After three months of finger pokes in ashes, grabs of cables, and tugs of dad’s audio engineering gear, we bought a baby gate. This gate is grey and long. There are two assembly options for it. You can set it up to encircle your child like a baby goat at a petting zoo.* Or, you can encircle your living room or parts of it making it like you are all animals in a petting zoo, or like you started a petting zoo and but stopped part way and now the animals can trot away.

Of course, we chose the latter configuration.

Contemplating this, it occurred that baby gating, like myriad other small parenting choices, reveals parents’ values. Taking a look at our gate’s configuration and how our family interacts with it, several values appeared.
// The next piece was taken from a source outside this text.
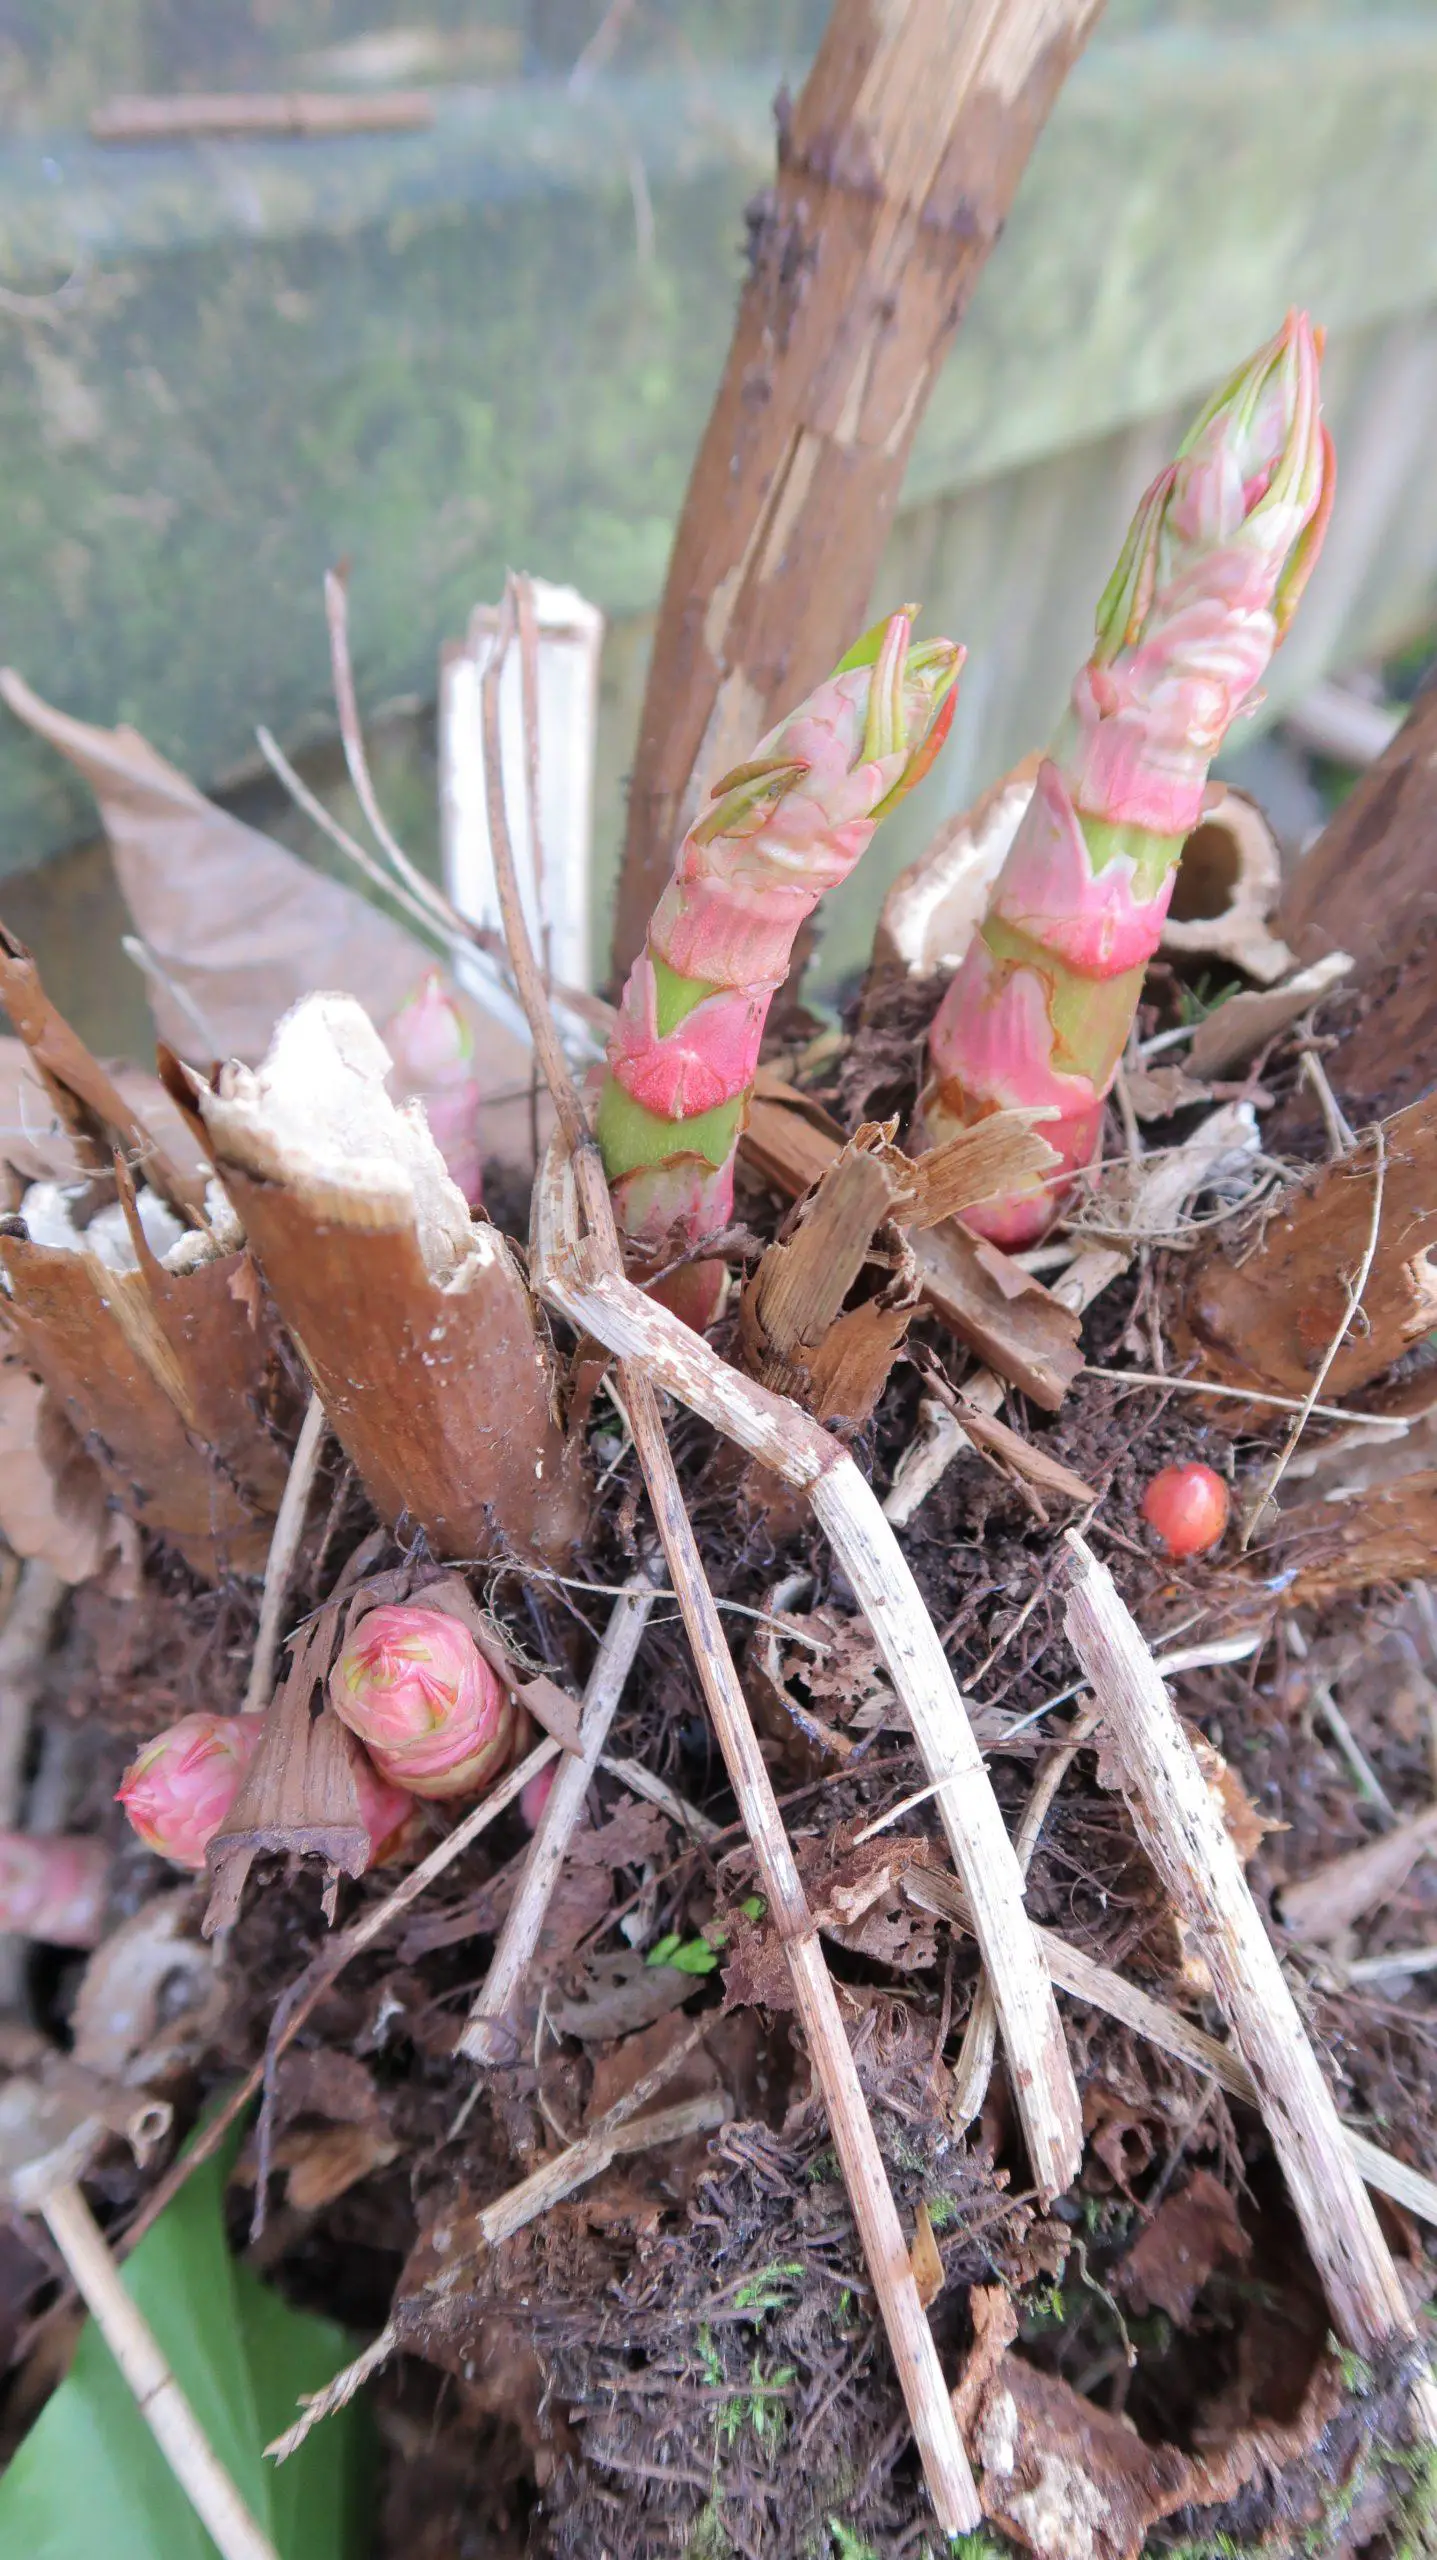 Clumps of Japanese knotweed shoots and buds growing fiercely - identify Japanese knotweed early

They are curiosity, exploration, loving and firm boundaries, unconditional love, play, and trust. For her to learn these values, we’re willing to give BB a broad space in which to play and in turn trot around after her.

It also occurred that these values aren’t surprising. My husband and I held these values before BB was born. It took BB’s birth, though, for me to begin to understand what loving unconditionally, playing, and trusting actually mean.

To keep exploring together how small parenting choices like baby gating reflect parents’ values — which of your parenting choices reflect your values? What do they show? You can share your experiences and thoughts here with highlights and comments.

For this week — and in gratitude,

Cecilia

*To see a Cirque Du Soleil quality baby-gate escape, watch this.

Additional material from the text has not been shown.